Я сделал шаг ближе к ней, прежде чем даже осознал, что делаю, и что-то во мне сломалось, когда она почти заставила меня потерять контроль.
— Прекрати, — прорычал я. — Вылезай из моей кровати и приведи себя в порядок. Тебе нужно принять душ, и твои волосы нужно вымыть. Потом я хочу, чтобы ты надела черное платье, которое я повесил для тебя в шкаф, и приготовила ужин на всех.
Губы Татум приоткрылись, когда она замерла от моего тона, но мне было все равно, если я задел ее драгоценные чувства. Если бы она соблазнила меня нарушить правила ради нее, то она бы точно узнала, каким монстром я могу быть, а я не хотел обрушивать это на нее.
Я отвернулся от нее и засунул член обратно в спортивные штаны, направляясь прямо к лестнице.
— Куда ты идешь? — крикнула она мне вслед, и я сердито зарычал, направляясь дальше по ним.
— На пробежку, — огрызнулся я.
— Сэйнт, ты не можешь! Твои ребра будут…
— Никогда не смей брать надо мной контроль! — Я зарычал на нее, полностью потеряв самообладание. — Ты не указываешь мне, что делать, и не имеешь права принимать решения за меня!

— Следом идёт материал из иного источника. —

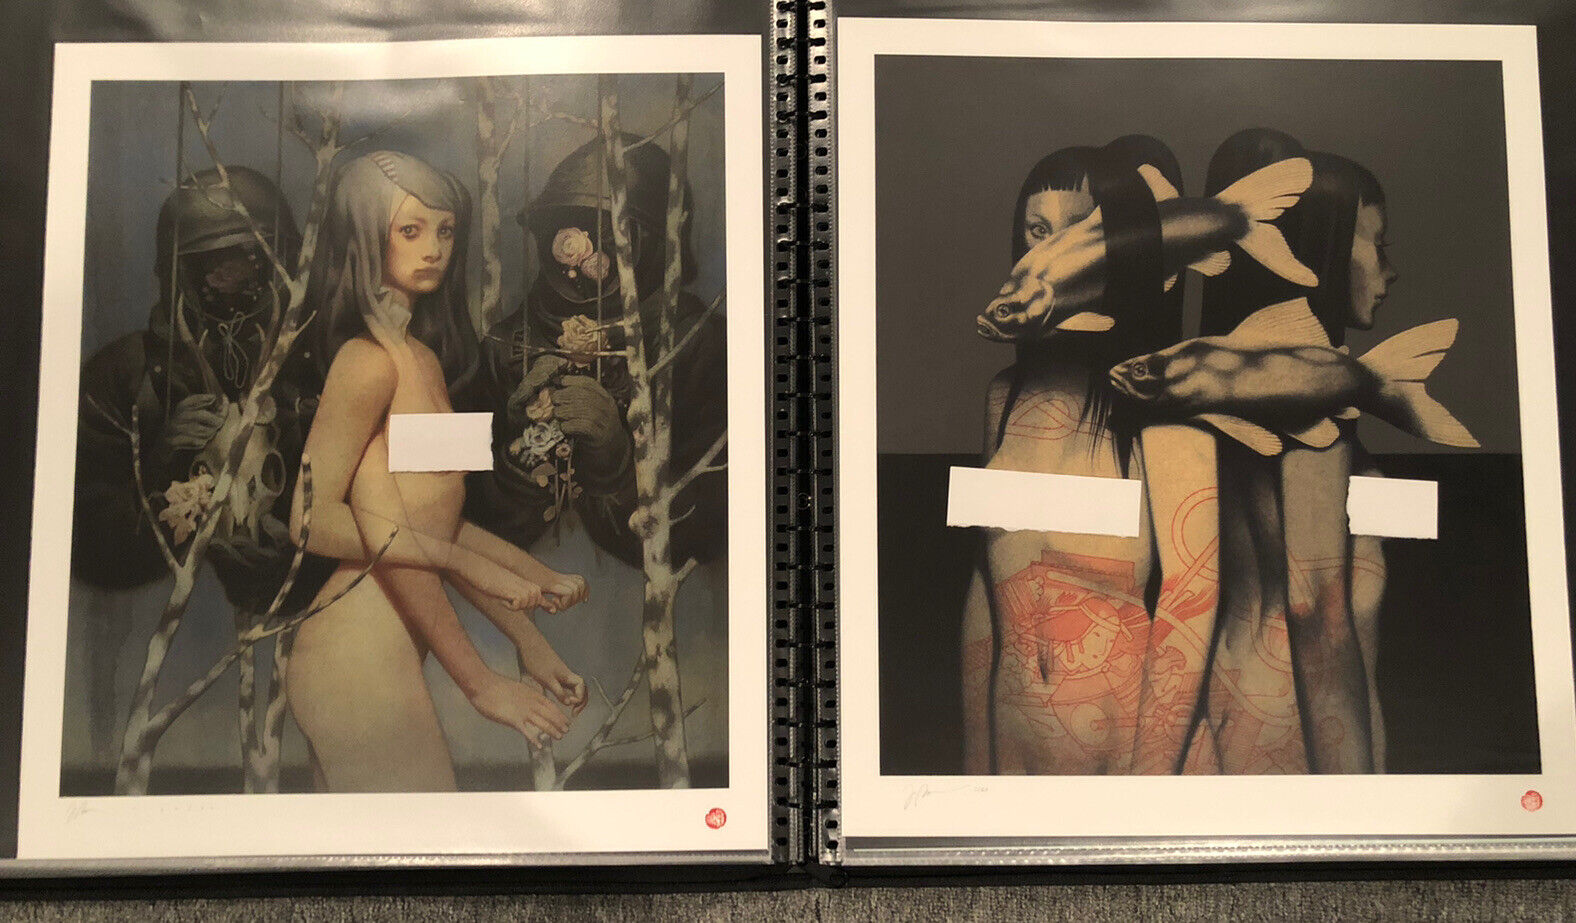 Joao Ruas Echoes and Drowned Signed and Numbered Art Print Poster Knots Exhibit  Без бренда

Я рванулся прочь от шока и обиды в ее больших голубых глазах, натянул пару кроссовок у входной двери и, стараясь не волноваться из-за отсутствия носков, распахнул дверь. Даже этого было достаточно, чтобы боль пронзила мои ребра, но мне было все равно, и, выйдя на холод, я хлопнул дверью так сильно, как только мог.
Я только что позволил ей изменить ход моих действий. Я никогда не собирался заводиться с ней там. Мне было все равно, как хорошо это было на по ощущениям или как чертовски идеально она выглядела подо мной вот так. Это было не то, что я планировал, и если бы я позволил своему контролю вот так однажды ускользнуть, то кто мог сказать, что было бы дальше?
Стал бы я есть пищу руками, как дикарь, одеваться одновременно в розовое и красное, вставать в шесть тринадцать? Весь гребаный мир сгорел бы от моих рук, прежде чем я позволил бы дойти до этого.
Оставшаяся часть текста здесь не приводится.